The UniFrac distance (
36) was calculated on a rarefied OTU table of 3,323 sequences per sample. Principal-component analysis (PCoA) was applied to the resulting distance matrix, and plots were generated using Emperor software (
37). Beta diversity analyses performed on combined Komodo dragon-amphibian and Komodo dragon-human data sets followed the same protocol, with the Komodo dragon-amphibian data set rarefied to 5,870 sequences per sample and the Komodo dragon-human data set rarefied to 5,357 sequences per sample. To analyze the significance of sample groupings, anosim (nonparametric, 999 permutations) and permanova (nonparametric, 999 permutations) tests were performed on the UniFrac distance matrices. We further compared distances by performing two sample
t tests (999 permutations) to determine whether the distance distributions between Komodo dragons and their environment differed from those between humans and pets and their environment or amphibians and their environment. We also examined the individuality of four Komodo dragon enclosures at the Denver Zoo using the randomForest R package implemented with the QIIME workflow. The rarefied OTU table containing only environmental samples was the input for a leave-one-out random forest analysis. Group classifications were performed on the enclosures as indicated by the individual dragon residing in each enclosure.
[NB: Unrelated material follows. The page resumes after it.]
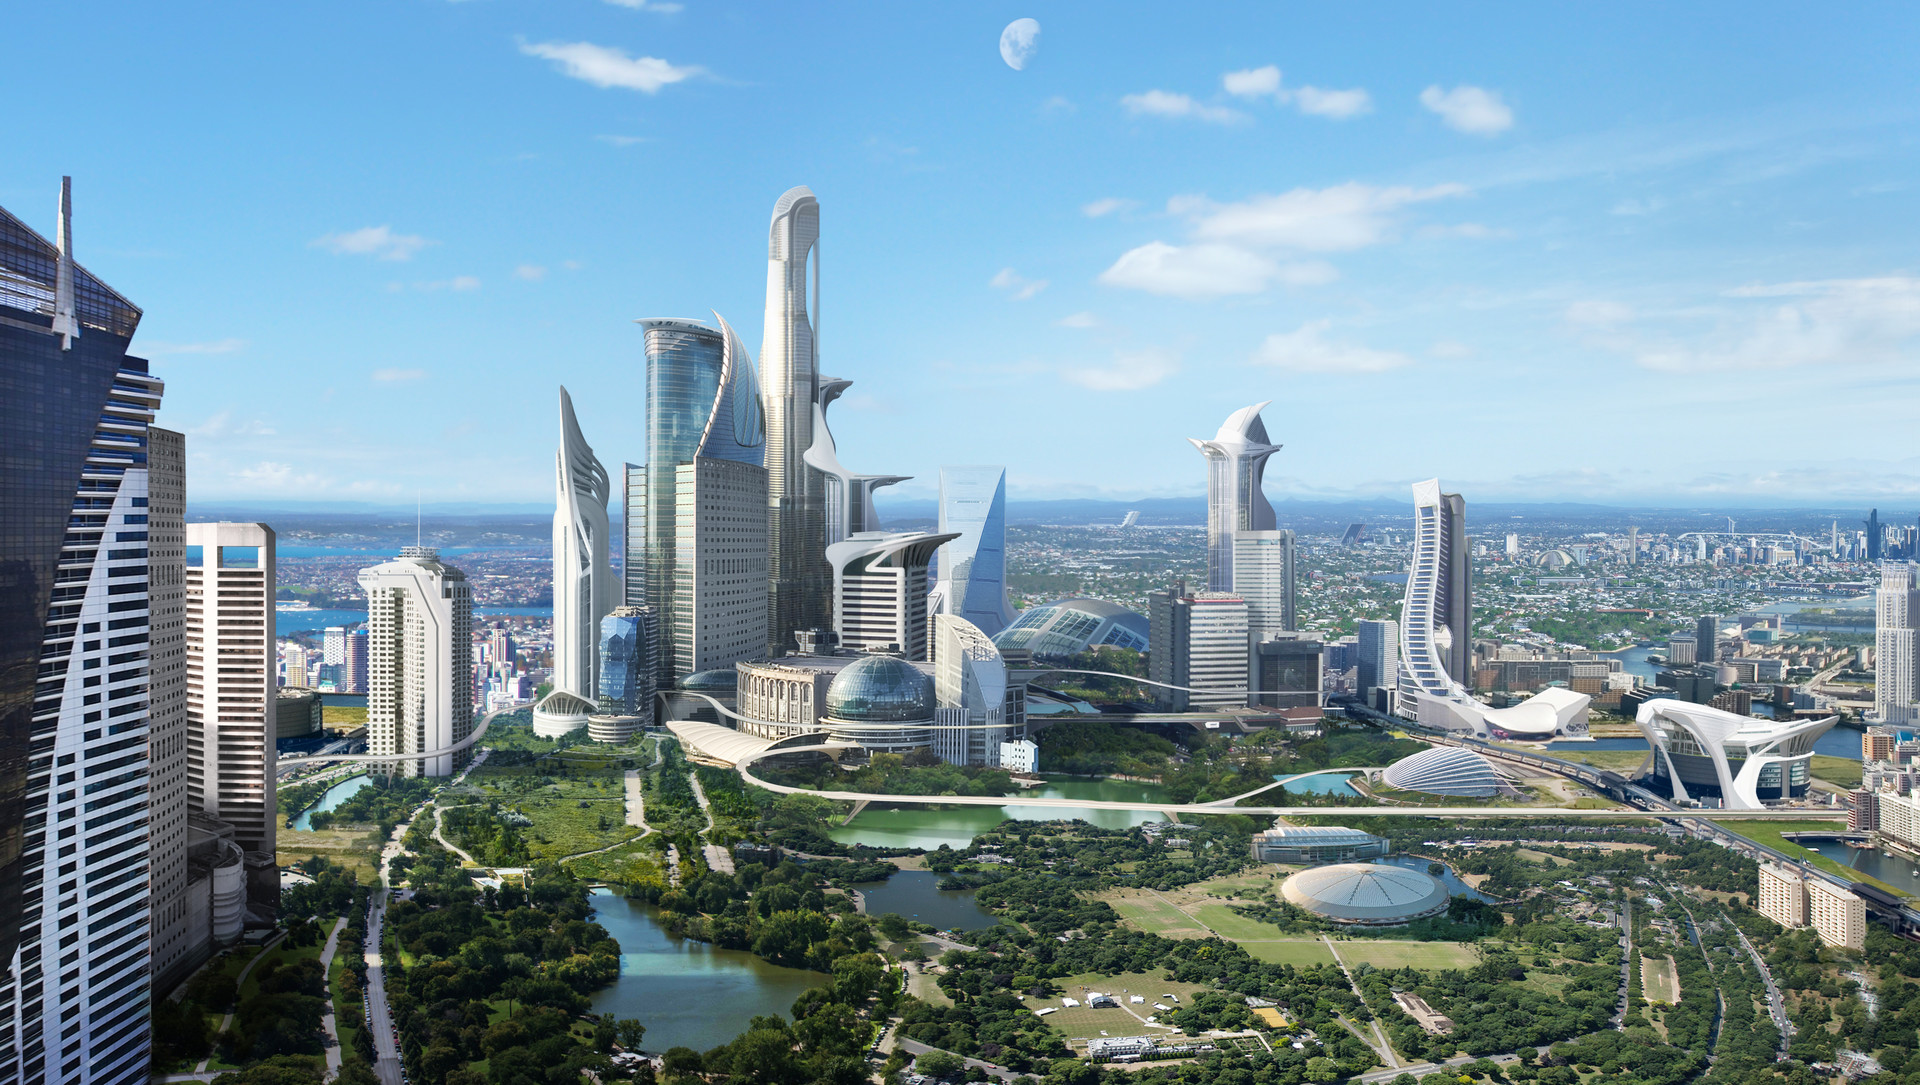 Free download wallpaper City, Sci Fi, Futuristic, Futuristic City on your PC desktop

(iii) SourceTracker analyses.
SourceTracker (
38) is a tool that uses a Bayesian model jointly with Gibbs sampling to quantify the number of taxa that a set of source environments contributes to a sink environment. We have applied SourceTracker to define which Komodo dragon microbiomes (skin, saliva, and feces) are shared with the environment, specifically by defining Komodo dragon saliva, skin, and feces as microbial “sources” and Komodo dragon environmental materials as microbial “sinks.” We also applied SourceTracker to amphibian samples from a previously published study in which skin and environmental (water, soil, and sediment) samples were collected from five amphibian species (
17) and additionally human, pet, and house samples (
12). The reverse SourceTracker analyses (defining host samples as sinks and environmental samples as sources) were also performed on all three data sets. Any OTUs that were not present in at least 1% of samples were removed from the OTU table before implementing SourceTracker to ensure that useful OTUs were provided to the algorithm (
39). Additionally, leave-one-out source sample predictions were run in parallel for each SourceTracker analyses to test the independence of each source. While taxonomic composition analyses compared Denver and Honolulu zoo samples, only Denver zoo samples were utilized for SourceTracker analyses, as both the variety and number of environmental samples collected from the Denver Zoo were more extensive than those collected from the Honolulu Zoo.
(iv) Comparison of captive Komodo dragon soil samples with North and South American soil samples.
To compare the microbial communities of captive Komodo dragon soil to “wild” environmental soil, we combined quality-filtered sequences belonging to captive Komodo dragon soil samples with those belonging to soil collected from various ecosystems in North and South America (
40,
41). We performed the open-reference OTU-picking workflow, as described above, and created interactive PCoA plots using Emperor software. We assessed sample clustering using the anosim and permanova statistical tests.